- Battle of Bagh (1919): Part of Third Anglo-Afghan War
| Date | 9–11 May 1919 |
| Location | Bagh, Landi Kotal, North-West Frontier of the British India |
| Result | Afghan victory |
| Territorial changes | Afghanistan captures the town of Bagh |

Belligerents
- Afghanistan: United Kingdom India;

Commanders and leaders
- Amanullah Khan Mir Zaman Khan Nadir Khan: Gen. Andrew Skeen Gen. George Crocker

Units involved
- Royal Afghan Army Afghan infantry battalions; Afghan Tribesmen; ;: British Indian Army Royal Air Force; 7/11 Gorkha Rifles; 15th Ludhiana Sikhs; ;

= Battle of Bagh =

Anglo afghan war

The Battle of Bagh was fought between British and Afghan forces in British India's Northwest Frontier during the Third Anglo-Afghan War. On 3 May 1919, British troops suffered a setback in the northern theatre when Afghan forces captured the town of Bagh in Landi Kotal. Despite efforts to reinforce and launch a counterattack, the British failed to recapture Bagh on 9 May 1919. The attack, led by Brigadier-General George Crocker, involved the 1/15th Sikhs and the 1/11th Gurkha Rifles, but the majority of the brigade was held in covering positions and unable to support the advance effectively. As a result, the attack stalled, and the British forces had to dig in short of their objective.

== Aftermath ==
The British regained the Tangi Springs, restoring water to Landi Kotal. In Peshawar, a planned uprising by Ghulam Haidar was thwarted by British Indian police, leading to Haidar and 22 rebels surrendering.

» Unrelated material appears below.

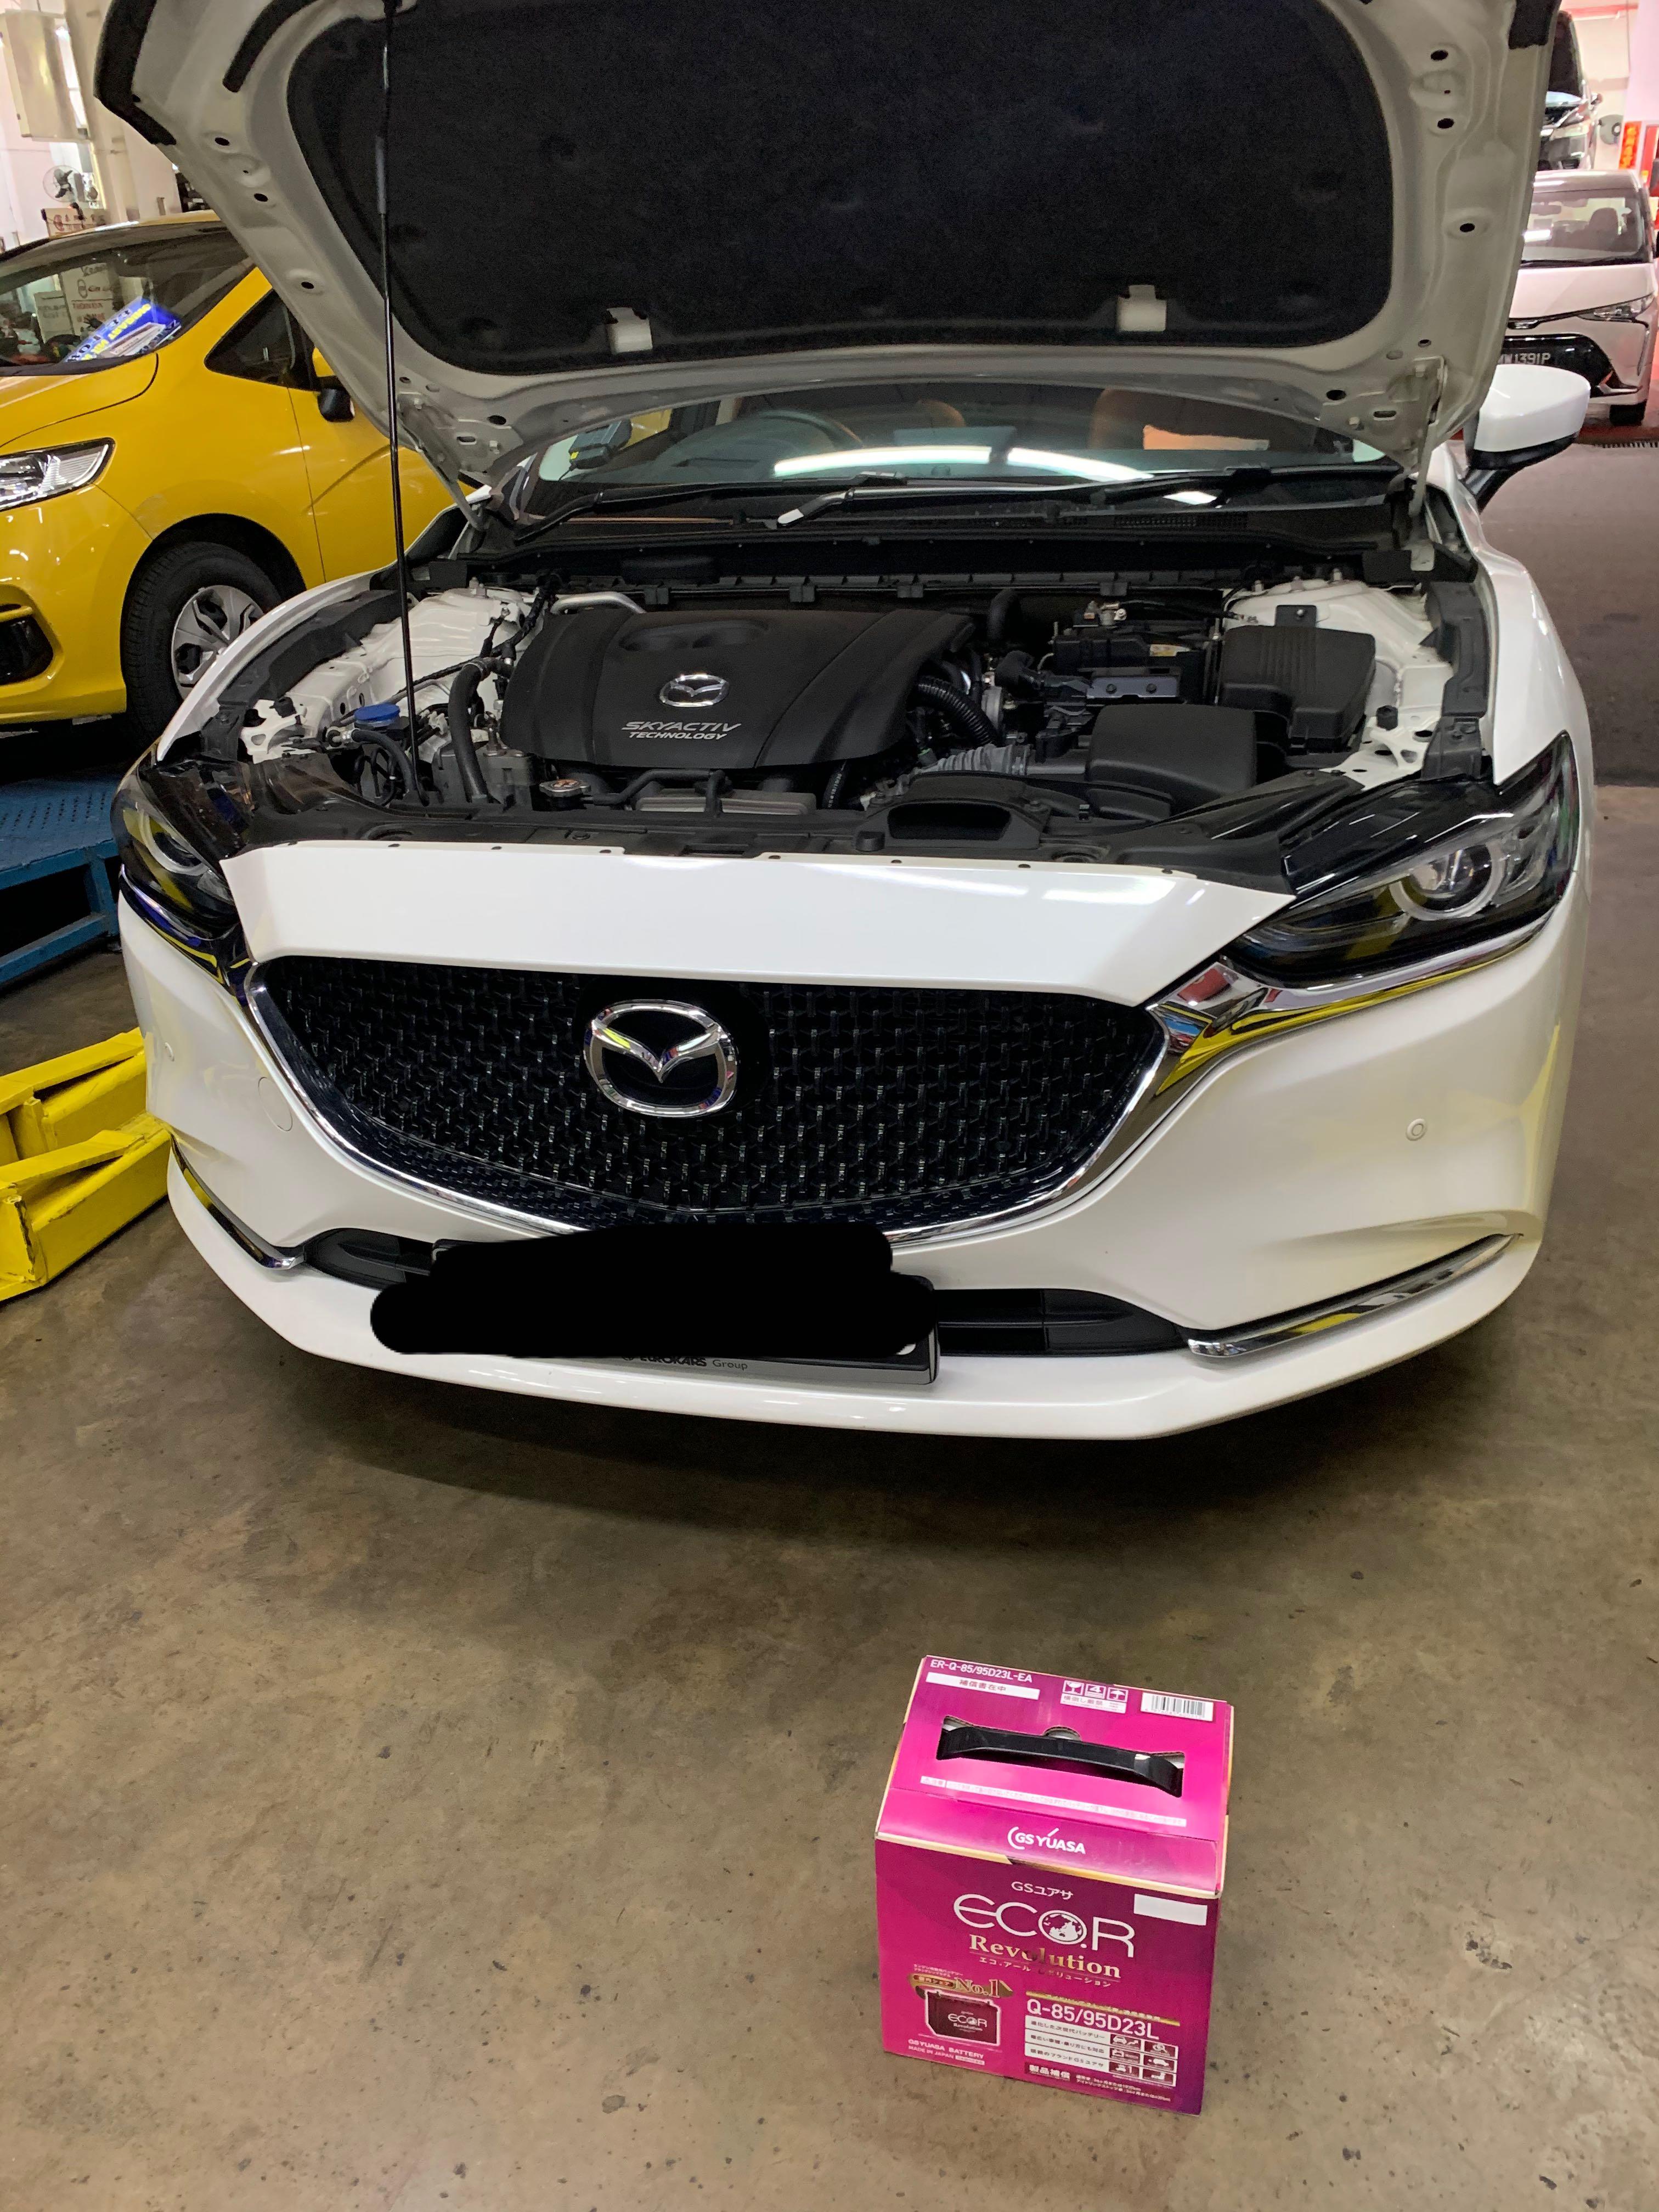 Mazda Start Stop Battery Mazda2 3 5 6 Yuasa Q85 Efb Start Stop Made In Japan Battery Support I Stop Car Accessories Electronics Lights On Carousell

At Landi Kotal, General Fowler took command on 9 May. With 2 Infantry Brigade arriving on 10 May, Fowler launched an attack on 11 May, driving Afghan forces to retreat towards Loe Dakka. The retreating Afghans were bombed by 31 Squadron aircraft. British casualties were eight killed and 31 wounded, while Afghan losses were about 100 killed and 300 wounded.